Some of the IRIN's F-27-400Ms have been converted to basic maritime patrol duty and have even been reported to have been upgraded with avionics for this role. However, like the P-3Fs, no new external antenna or pods are visible that would give a clue as to the accuracy of this statement or not. At any rate, it is likely that the F-27 would be comparable to the HMS-100 in terms of mission role. Two-to-three aircraft are currently operational.
During the Iran-Iraq war, when the demand for maritime surveillance was at its highest and the readiness of the P-3s was the lowest, an unknown number of C-130Hs were converted for the maritime surveillance role. The exact nature of these modifications are unknown but may be similar in nature to the C-130H Ibex ELINT projects undertaken by the IIAF. It is unknown if any C-130s continue to serve in this role.
At the end of the day, the Ir-140MP is not a replacement for the P-3 on a 1-for-1 basis. On a purely mechanical basis, the fact that, empty, its a third the weight of a P-3 means that it's going to have a shorter range (almost a quarter), lower endurance and a lower internal volume available for mission-related subsystems. An aircraft with the range of the P-3 (or beyond!) would be perfectly suited for the IRIN's stated mission which is to project influence through the Gulf of Oman and Arabian Sea from the Horn of Africa to the tip of India. Recent operations like a continued presence in the Gulf of Aden and visits to countries like Syria and Sri Lanka emphasize the IRIN's shift towards a more expeditionary role. These ambitions however have remained hamstrung in many ways by the limited aerial support role of the IRIN. Surface ships like the Alvand frigate are lacking in terms of modern sensor fits. Meanwhile, only one-two submarines are available at any given time for patrol beyond the protection of the Gulf of Oman. So, by default, the responsibility of detecting and identifying potential targets falls to naval aviation as they are the only ones with the potential capability to cover such a large geographic area. Light aircraft like the Ir-140 or F-27 don't have the range to conduct patrols of any significant length beyond the Gulf of Oman.

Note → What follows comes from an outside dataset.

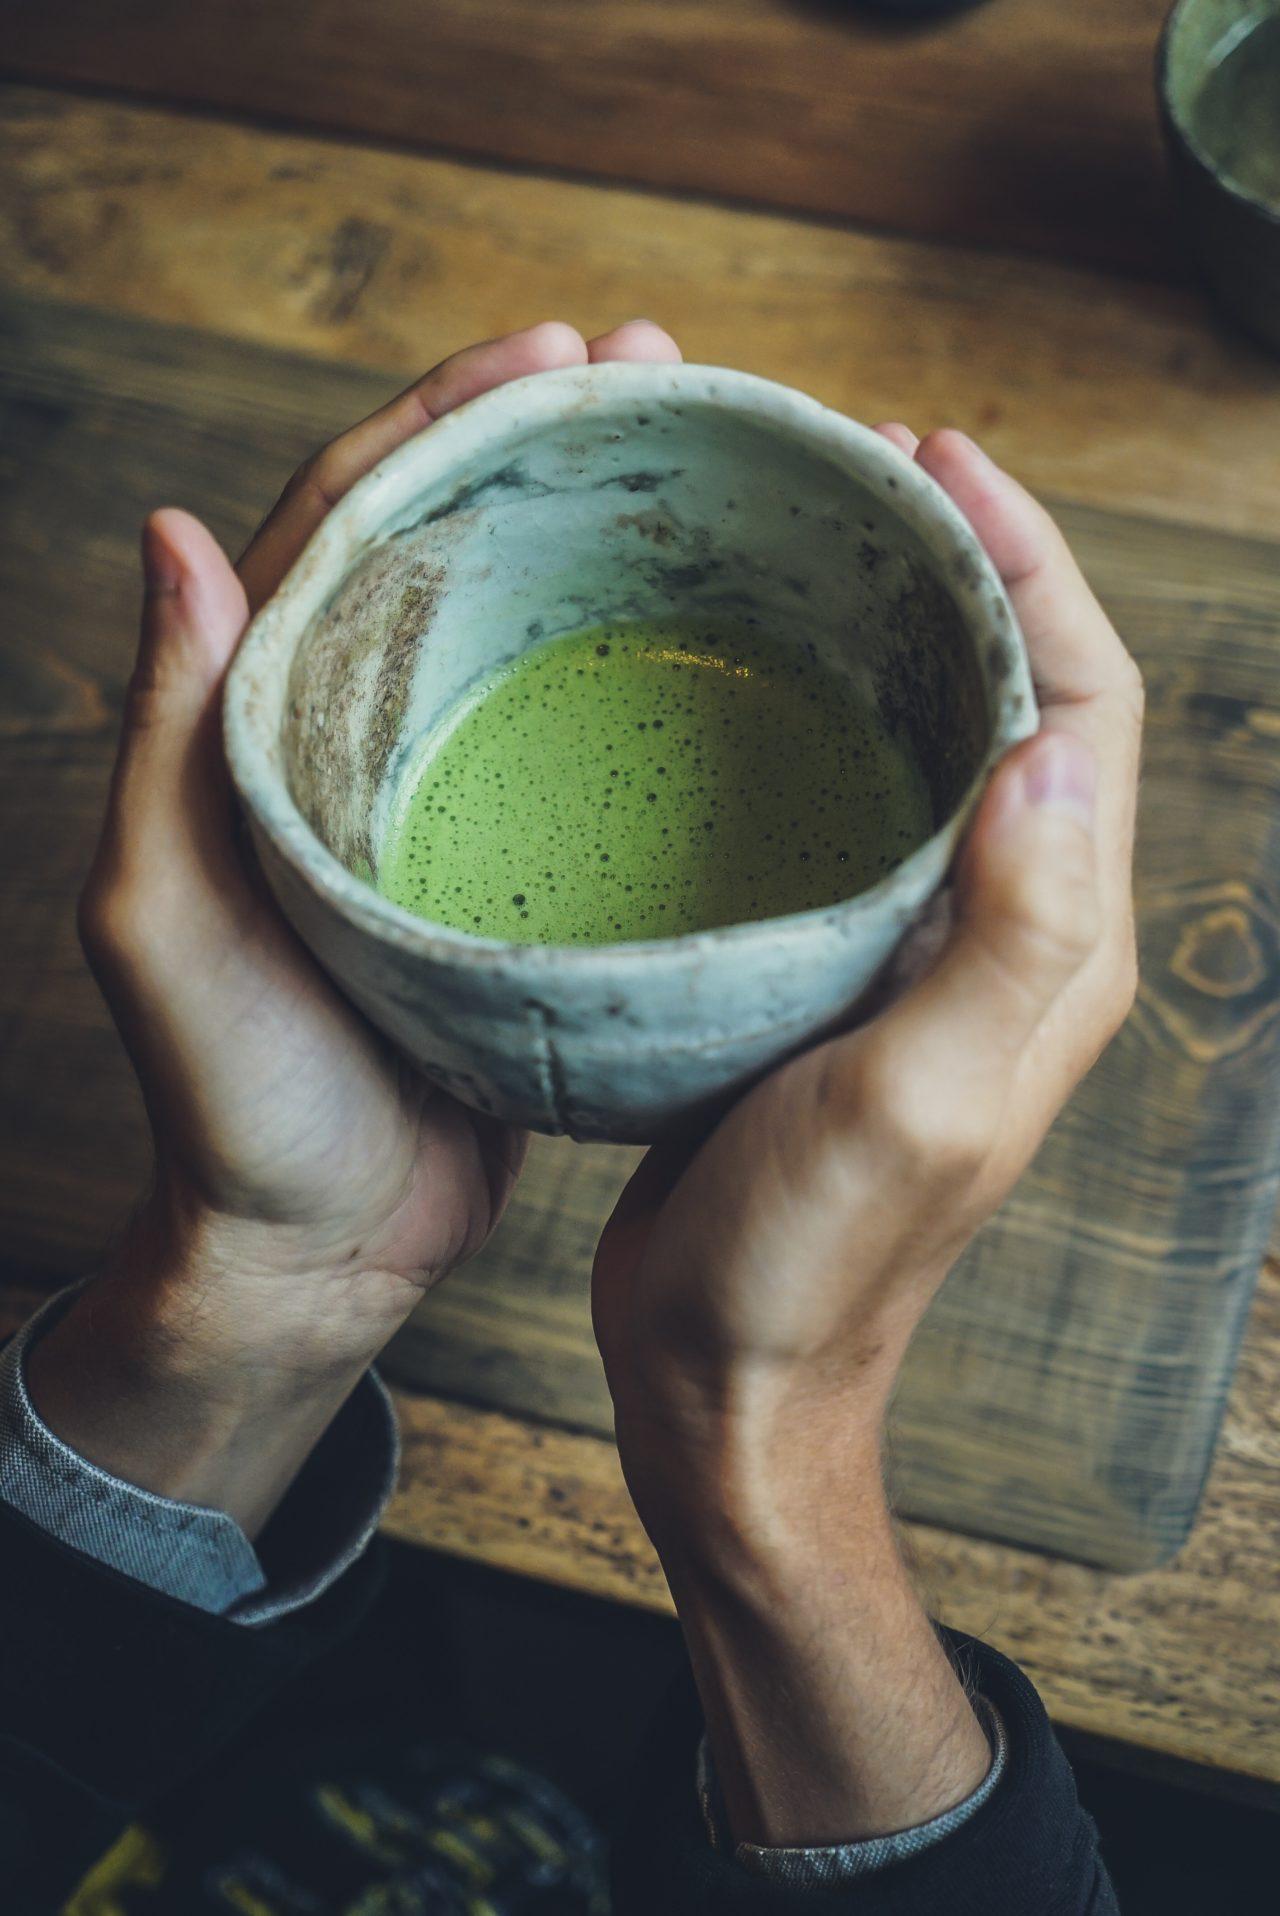 5 Ways Food & Beverage Entrepreneurs Can Make Mental Health a Priority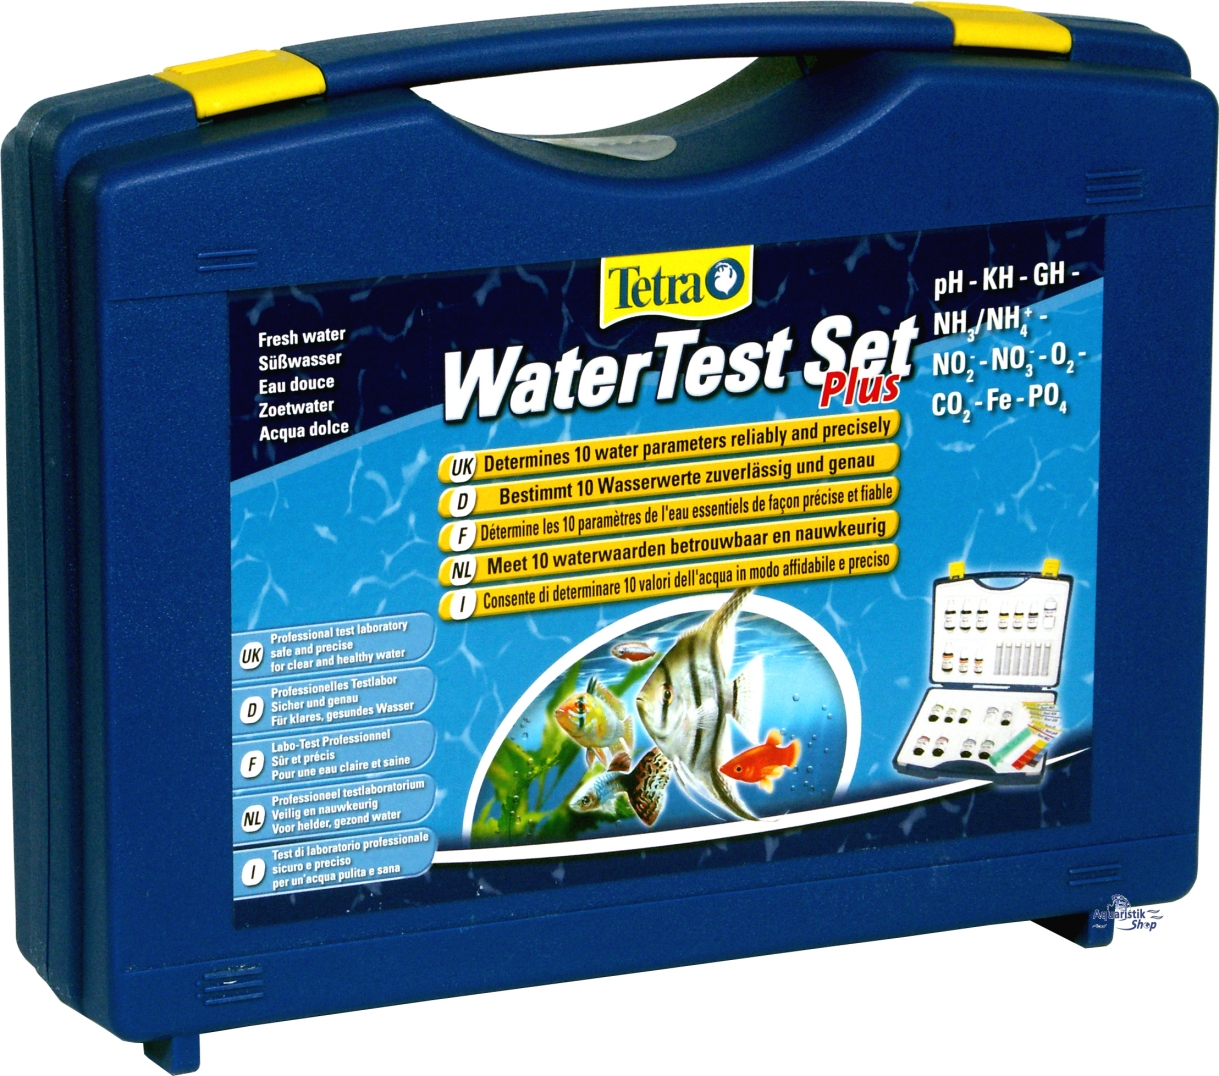 Water test set

At the end of the day, the Ir-140 is what it is, a light, turboprop aircraft, with capabilities to match. Within the context of the Persian Gulf and Gulf of Oman it's range and capabilities are more then sufficient and are comparable to a number of other light patrol aircraft like the F-50, CN-235 or any of the Dassault Falcons. In fact, the aircraft's most important asset is the basic fact that they're new - zero flight hours, brand new engines and brand new airframes. Relying on older aircraft like the P-3 is dangerous because the remaining flying hours left have to be shepherded and carefully guarded with intensive maintenance and support, all of which translate into less missions flown. The impact of modern, sophisticated avionics suites like what should be presumed to exist on the Ir-140-HMS-500 should not be discounted either. Even a relatively inexpensive radar like the RDR-1600 used in the Ir-140-MP is able to produce a much more narrow beam in contrast to the APS-115 on the P-3F which in turn gives a much higher resolution, allowing the radar to be used for tasks like terrain mapping or SAR where the radar on a P-3 would be simply insufficient.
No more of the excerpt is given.